Лоринков, в мыслях перенесшийся в Москву, где он намеревался схорониться в Литинституте, глубоко вдохнул кислый, вонючий воздух подвала, и сказал с чувством:
– Прощай, немытая Молдова, страна рабов, страна мудил!
* * *
Но честолюбивым планам псевдо-слепца не суждено было сбыться.
Ночью Лоринков, собравшийся бежать из села, услышал, как отпирается дверь подвала. От страха у него случился удар, который он поначалу принял за обморок. А когда все понял, было поздно… Лоринков лежал на полу без движения, остывал, и жалел лишь, что случилось все в подвале, а не под чистым небом. Хотелось перед смертью увидеть звезды.

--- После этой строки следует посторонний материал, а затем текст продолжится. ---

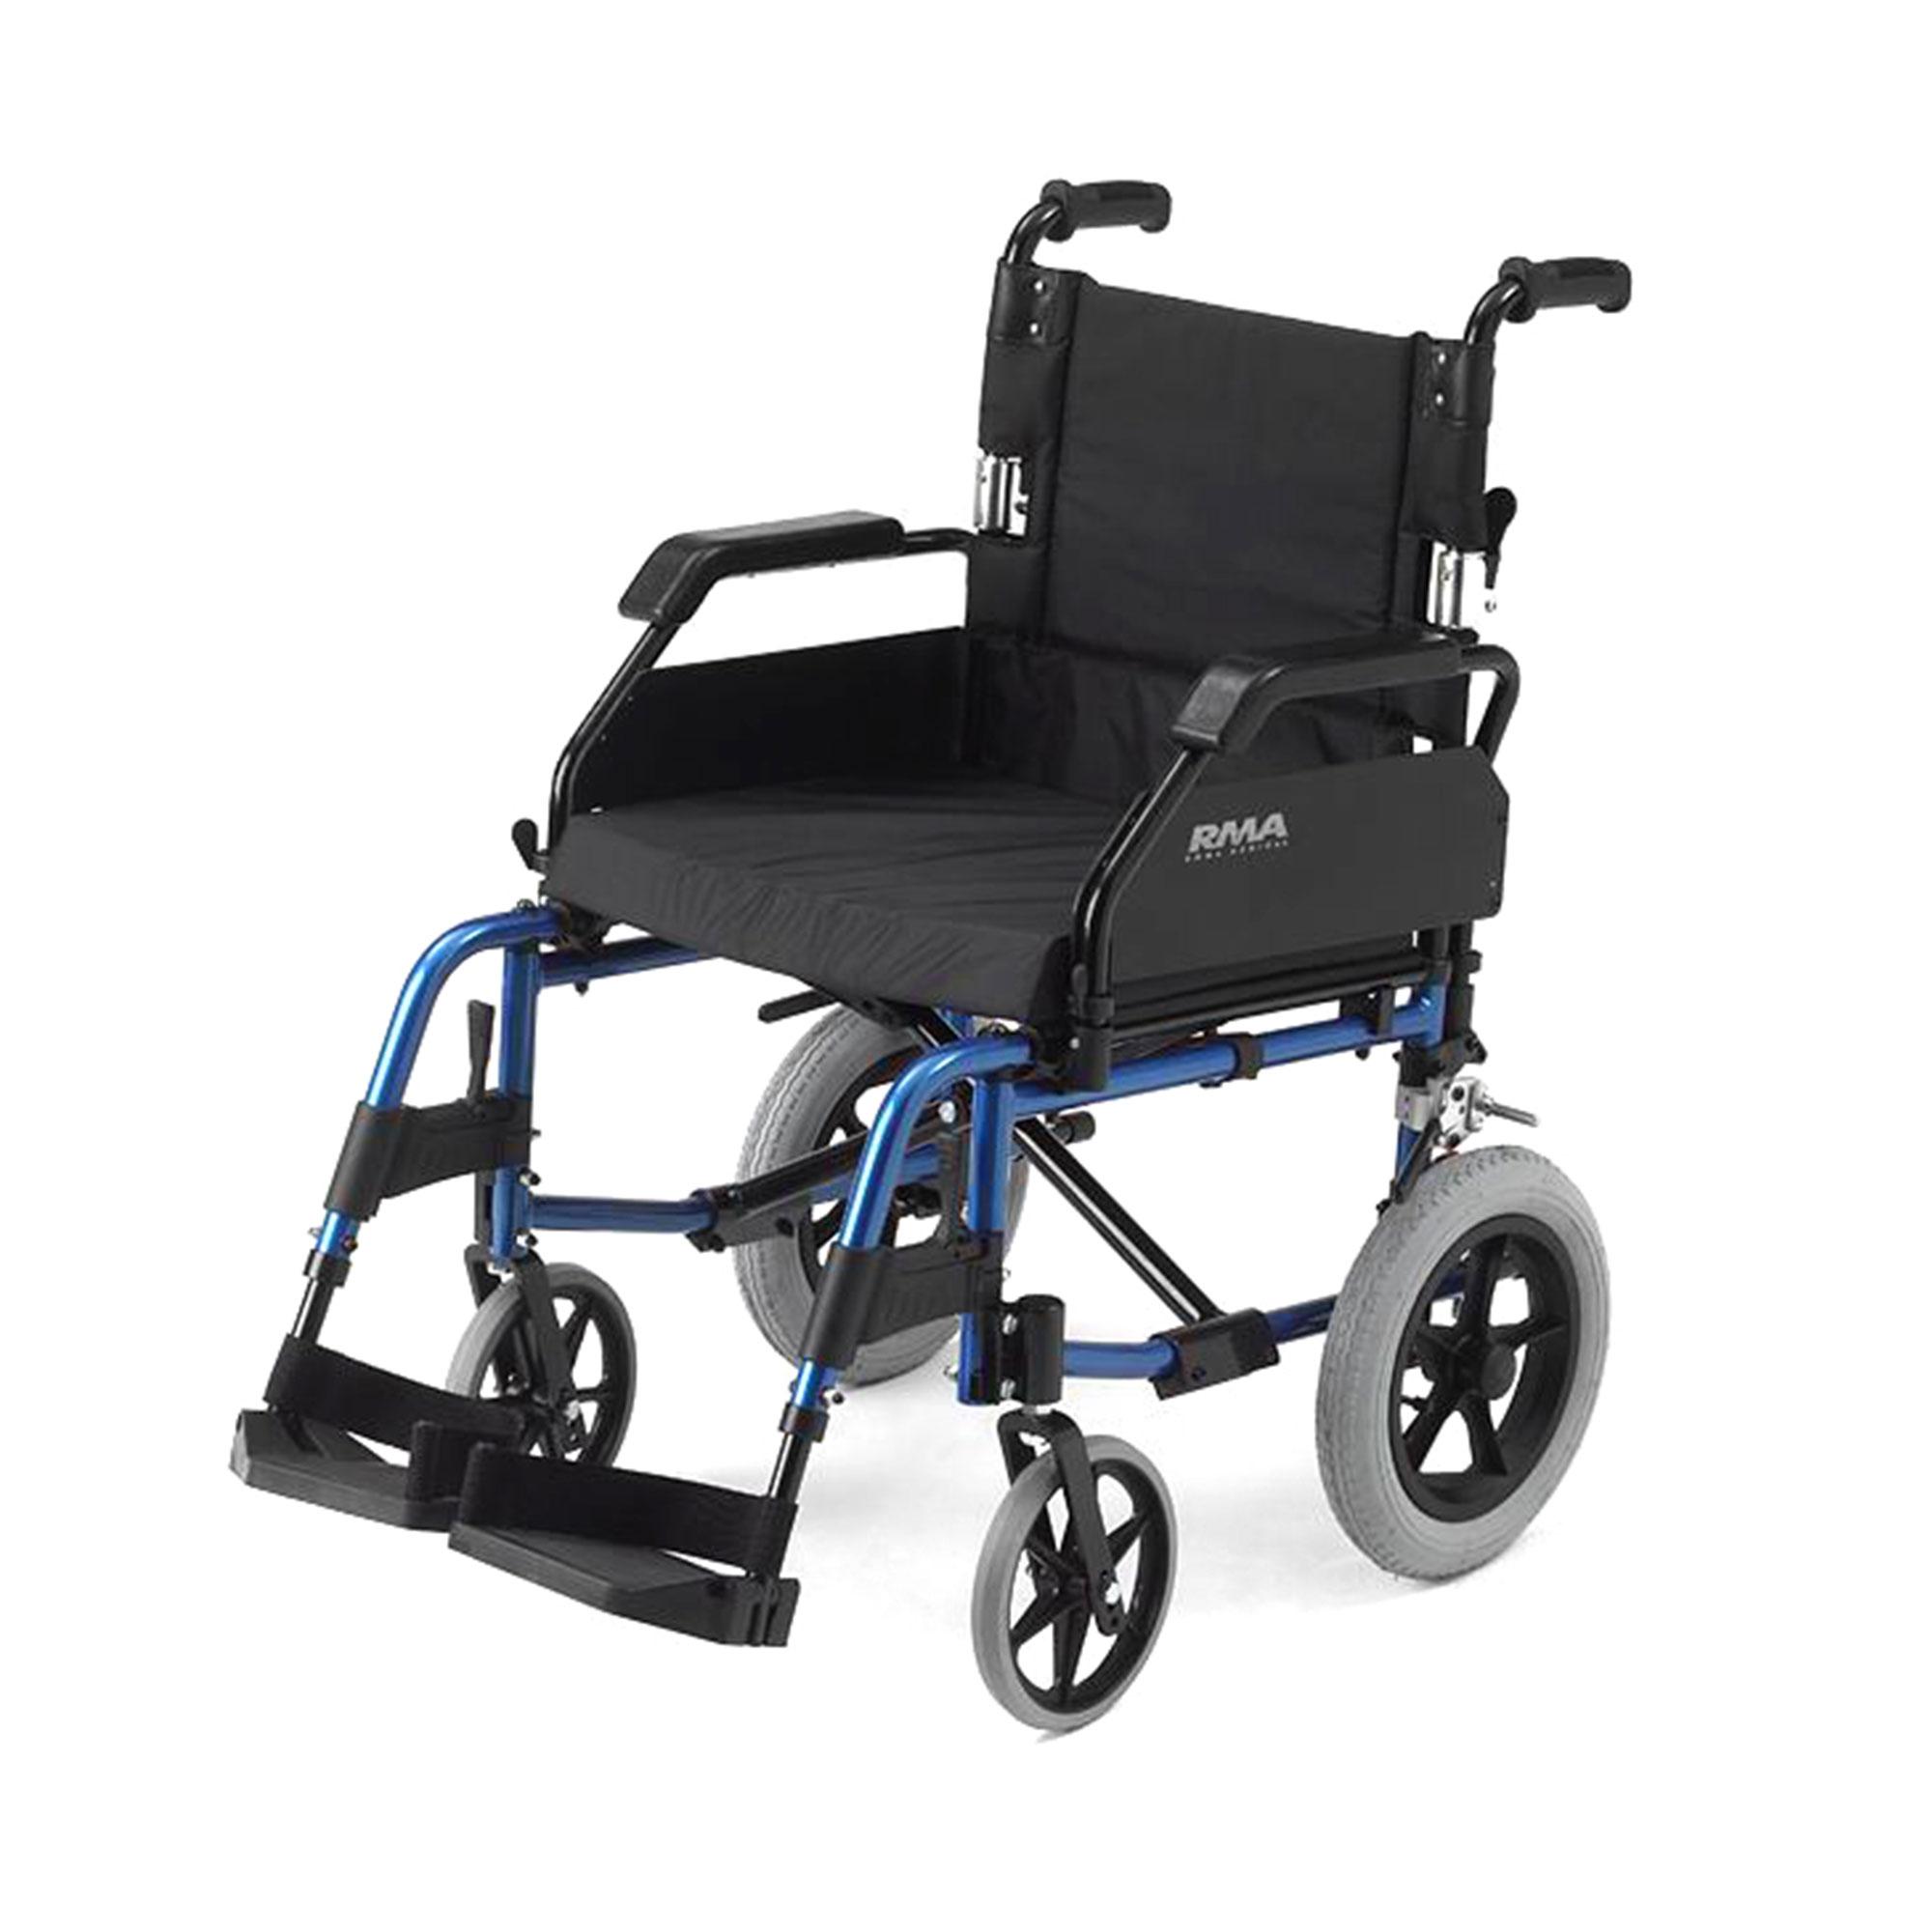 1530 Lightweight Car Transit Wheelchair Roma Medical

Нестерпимо болела левая рука. Боль разливалась по телу и стискивала грудь. Лоринков даже голову не мог поднять, чтобы посмотреть, кто это шуршит рядом с ним. Мышь, устало подумал псевдо-слепец. Но это оказался пастушонок Саша Танасе…
Деловито обшарив тело, пастушонок, торжествуя, вытащил из кармана Лоринкова блокнотик. Перелистал, светя фонариком, улыбнулся. На поступление в Литинститут и место второразрядного русского писателя хватало. Значит, это уже уровень лучшего молдавского классика, знал подкованный в литературе пастушонок. О-ла-ла, неожиданно весело подумал он.
– Сашка, ты? – слабым голосом спросил Лоринков.
– Моя, моя, – сказал пастушок, погасив фонарик.
– Они ушли? – спросил Лоринков.
– Они не есть существовать, – сказал пастушонок.
– Они есть мой оргазм то есть фантазм, – сказал он.
– Моя есть играть воображений, чтобы все получаться как в рисованный кинофильм «Остров сокровищ», – сказал он.
– И ты сдохнуть, а моя получить все! – жестко сказал он.
– Корочка член Союза Писателя Молдова, бюст на Аллея классик, почет и уважения, гребанный рот! – сказал пастушонок.
– Дастархан не вынести двоих! – сказал он красивую, услышанную где-то, фразу.
– Дастархан это скатерть… – сказал, умирая, Лоринков.
– Не тебе, русская чурка, учить меня узбекский язык! – сказал пастушок.
– А как же гуманизм?! – спросил, страдая, слепец.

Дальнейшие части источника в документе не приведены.